The expected result is the full listing, retyped exactly, without a single picture.

# RECORDED DATA:

==========

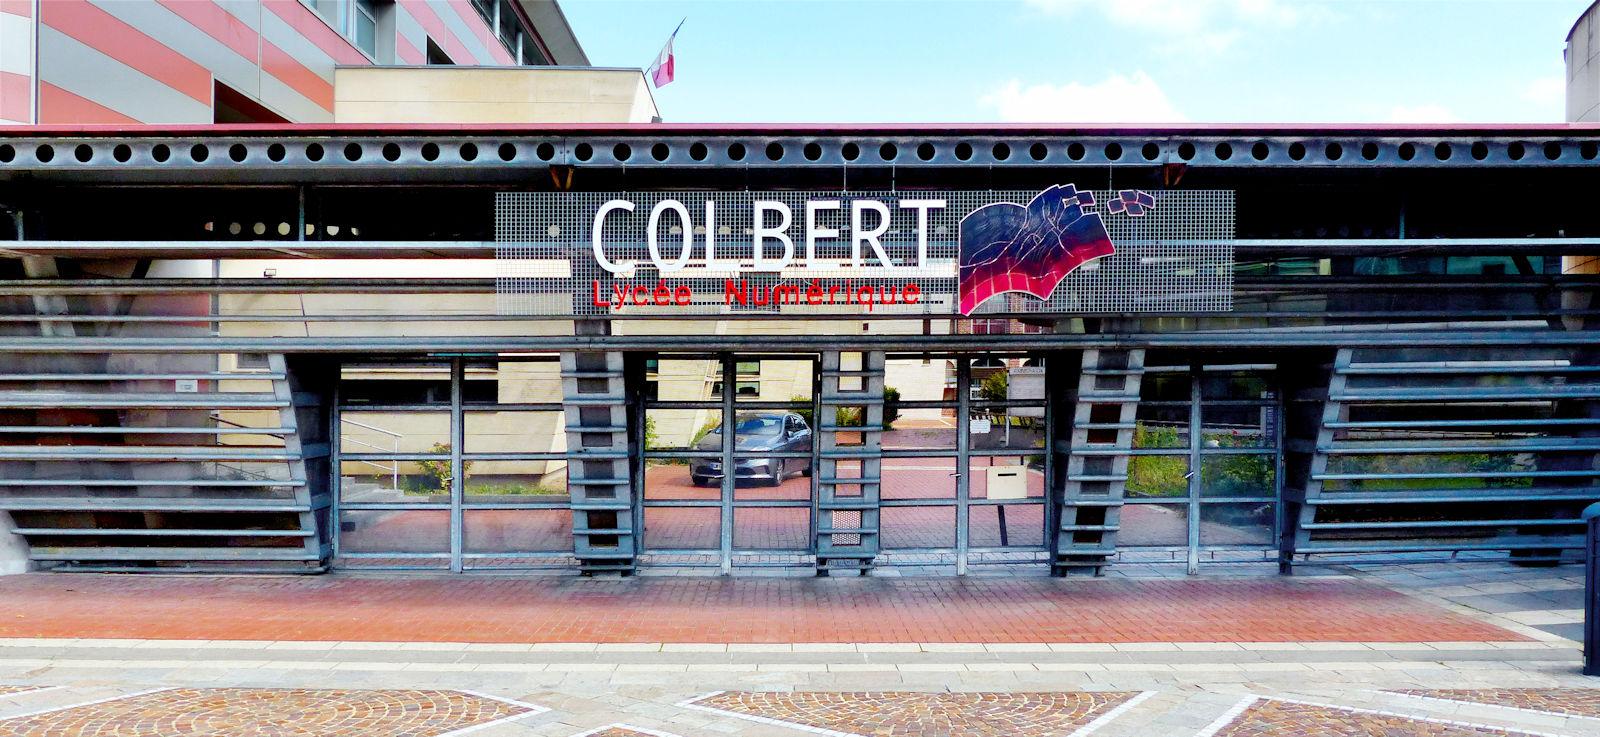 Lycées TOURCOING - Lycée Colbert, grille d'entrée
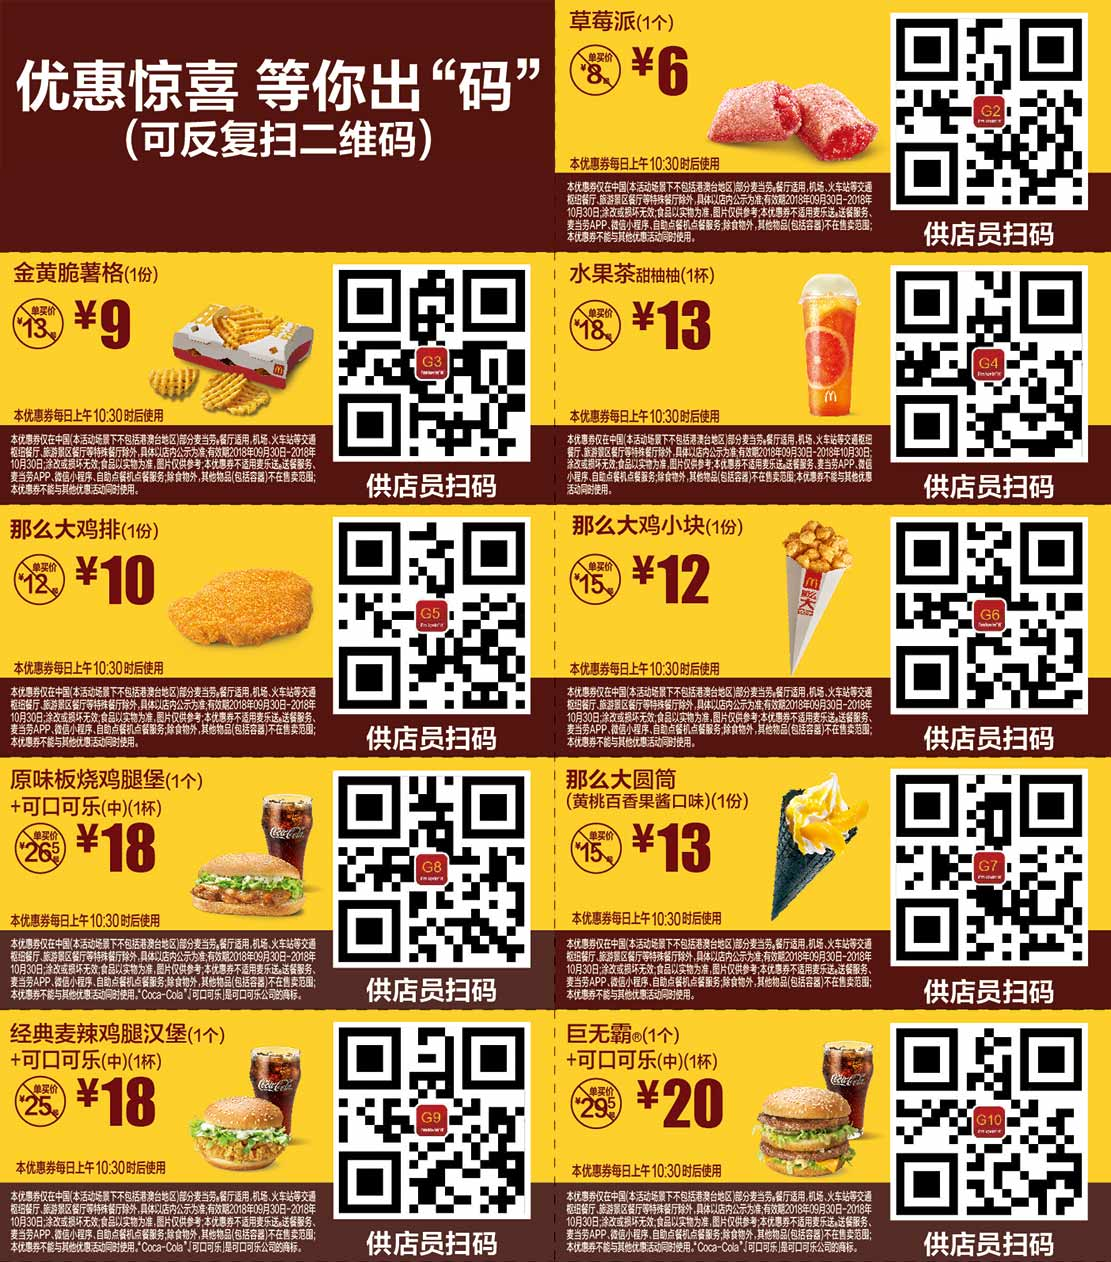 优惠券图片:麦当劳优惠券2018年10月手机版整张版本,出示给店员扫码享券面优惠价点餐 有效期2018年09月30日-2018年10月30日
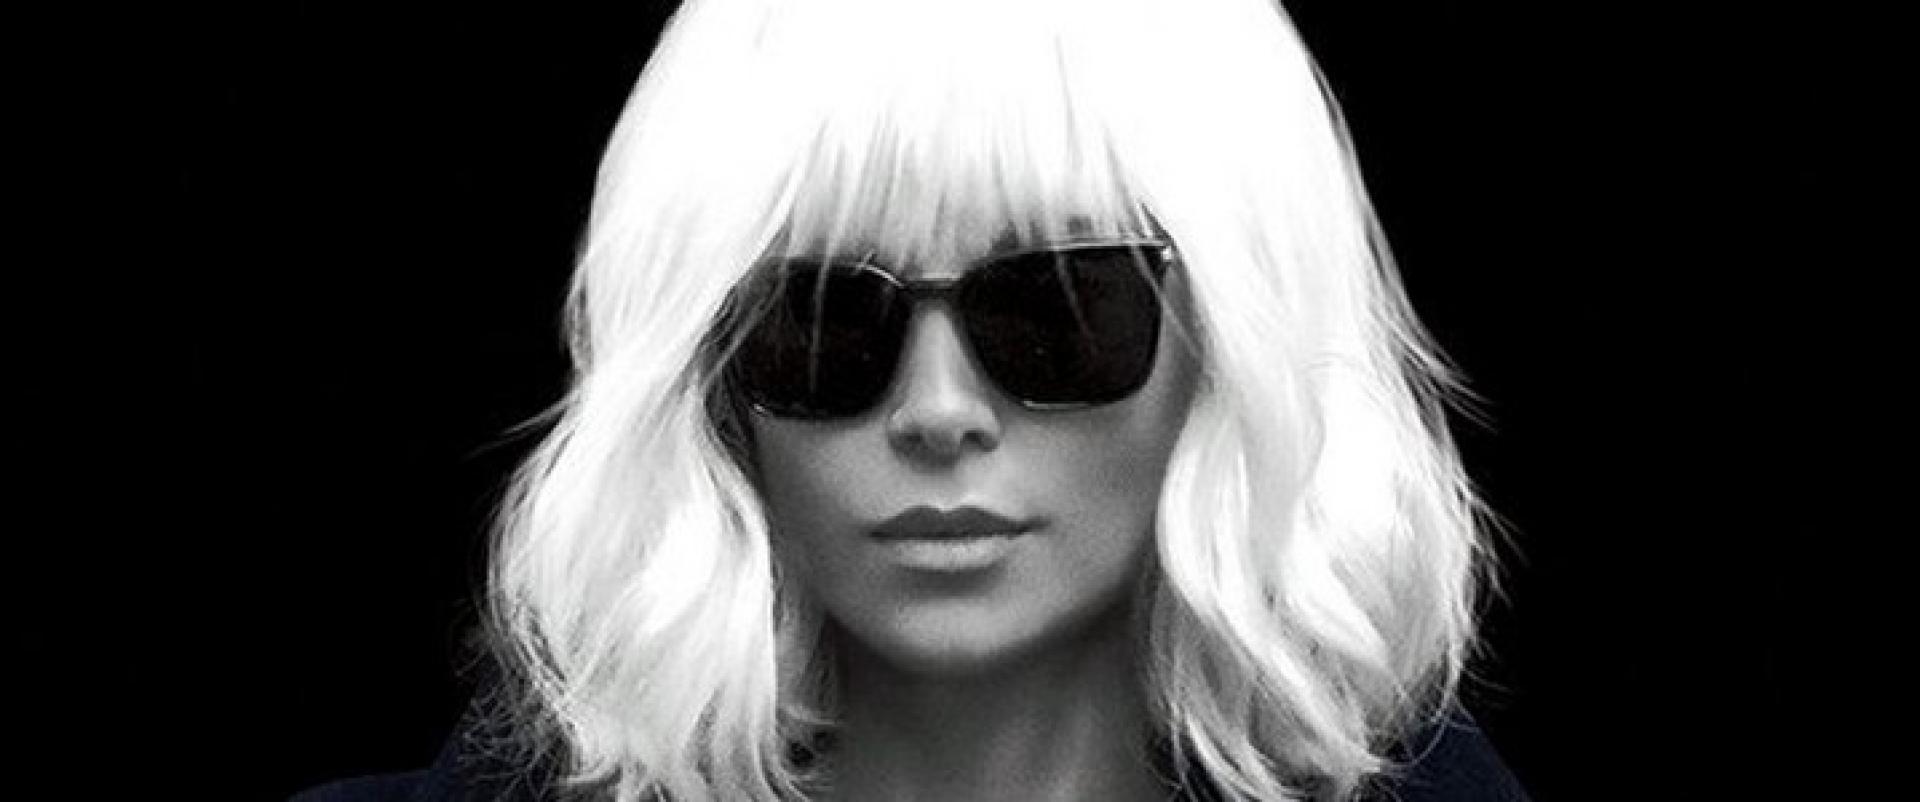 Atomic Blonde - Atomszőke (2017)

==========

# YOUR RESPONSE:
 Lycées TOURCOING - Lycée Colbert, grille d'entrée
 优惠券图片:麦当劳优惠券2018年10月手机版整张版本,出示给店员扫码享券面优惠价点餐 有效期2018年09月30日-2018年10月30日
 Atomic Blonde - Atomszőke (2017)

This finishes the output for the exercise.